Getting invalid model formula in ExtractVars when using rpart function in R

dgene54 picture dgene54 · Jan 14, 2015 · Viewed 37.9k times · Source

The dataset can be downloaded from http://archive.ics.uci.edu/ml/machine-learning-databases/wine-quality/

Getting the following error:

formula(formula, data = data) : 
  invalid model formula in ExtractVars

Using the following code:

install.packages("rpart")
library("rpart")

# you'll need to change the following from windows to work on a linux box:
mydata <- read.csv(file="c:/Users/md7968/downloads/winequality-red.csv")

# grow tree 
fit <- rpart(YouSweetBoy ~ "residual sugar" + "citric acid", method = "class", data = mydata

Mind you I've changed the delimiters in the CSV file to commas.
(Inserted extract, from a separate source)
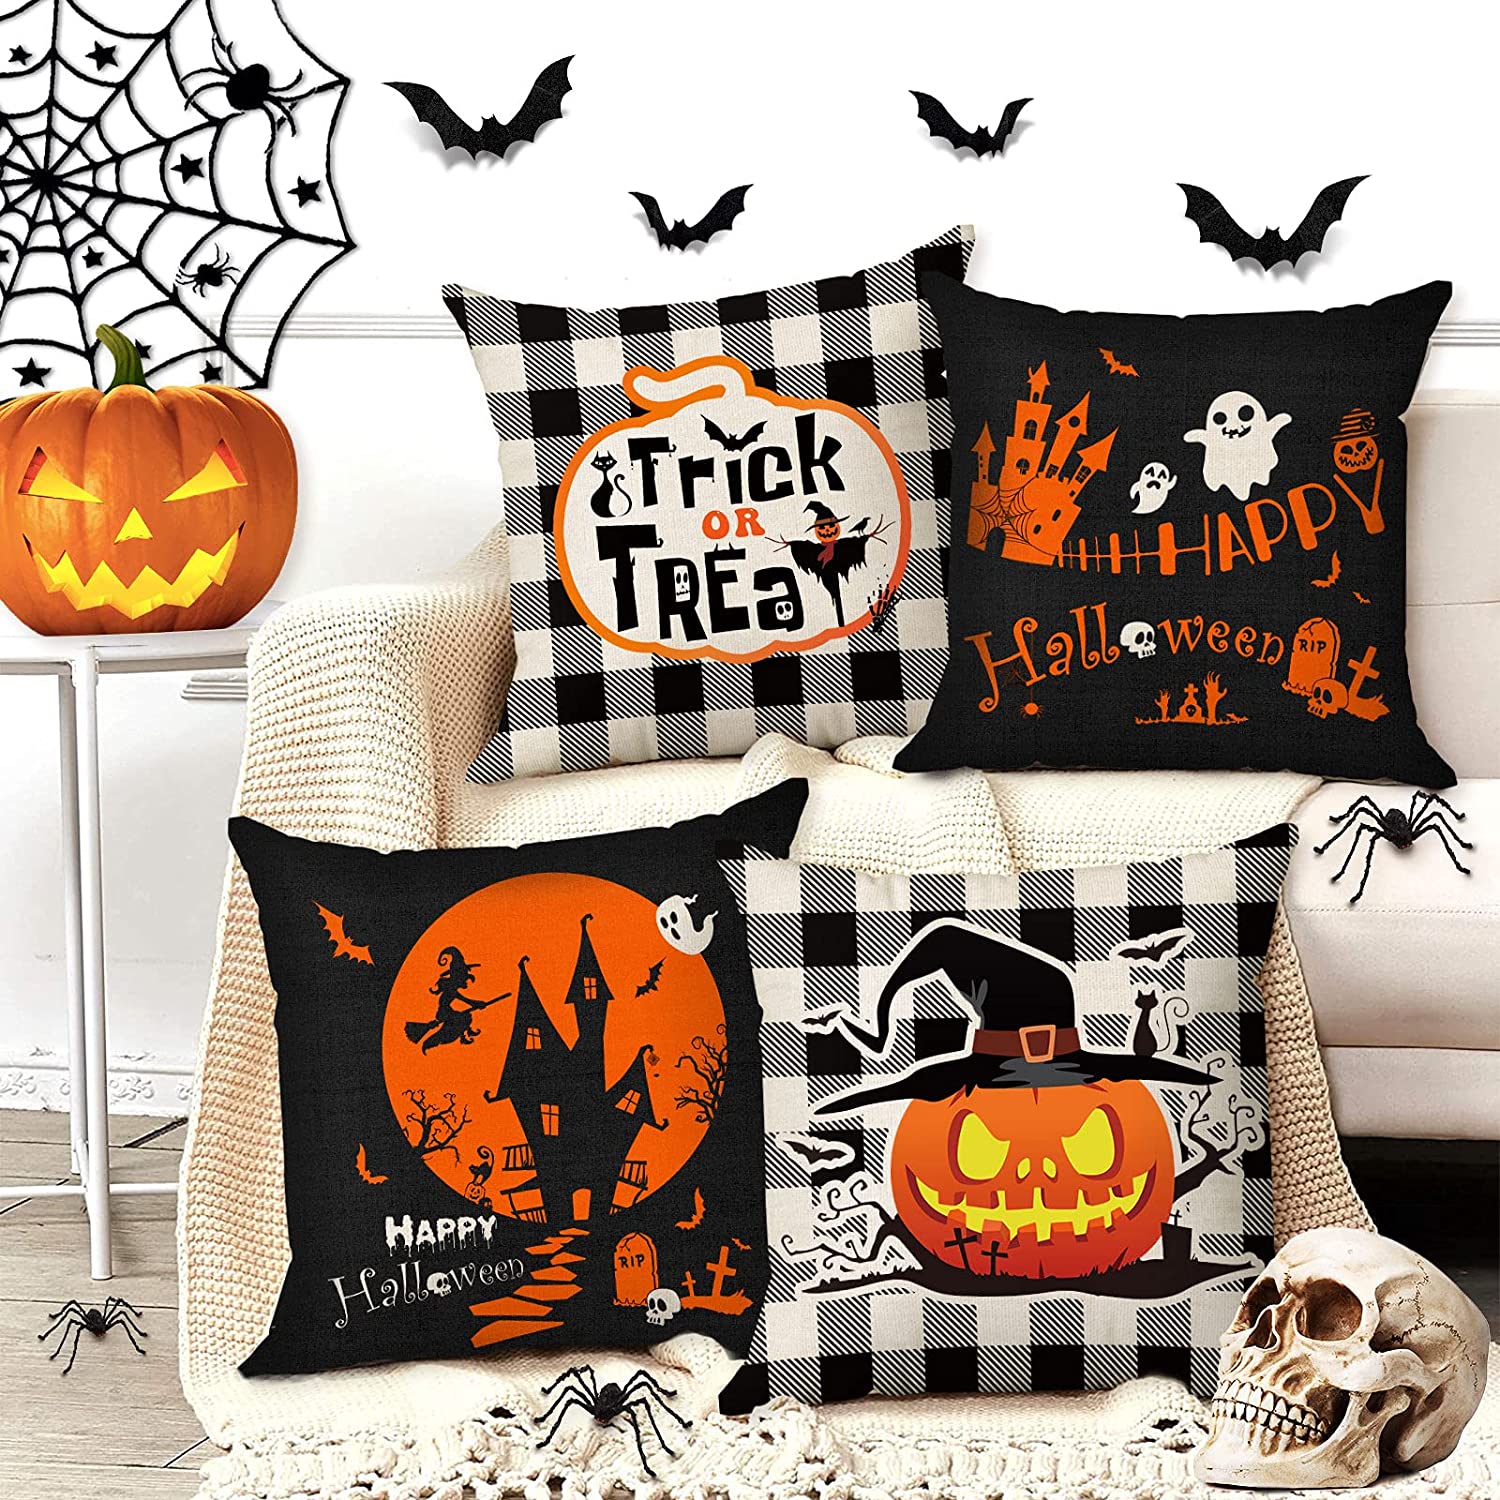 Halloween Pillow Covers 18x18 inch Set of 4 Trick or Treat Pumpkin Pillow Covers Holiday Rustic Linen Pillow Case for Sofa Couch Halloween Decorations

perhaps it's not reading the data correctly. Forgive me, I'm new to R and not a very good programmer.

Answer

MrFlick picture MrFlick · Jan 14, 2015

Look at names(mydata). When you create a data.frame, read.table() will turn "bad" column names into good ones. You can't (well, shouldn't) have a space in a column name so R changes spaces to periods. Plus, you should never have quoted strings in a formula. Try

fit <- rpart(quality ~ residual.sugar + citric.acid, method = "class", data = mydata)

(I have no idea what "YouSweetBoy" was supposed to be since that wasn't in the dataset so i changed it to "quality").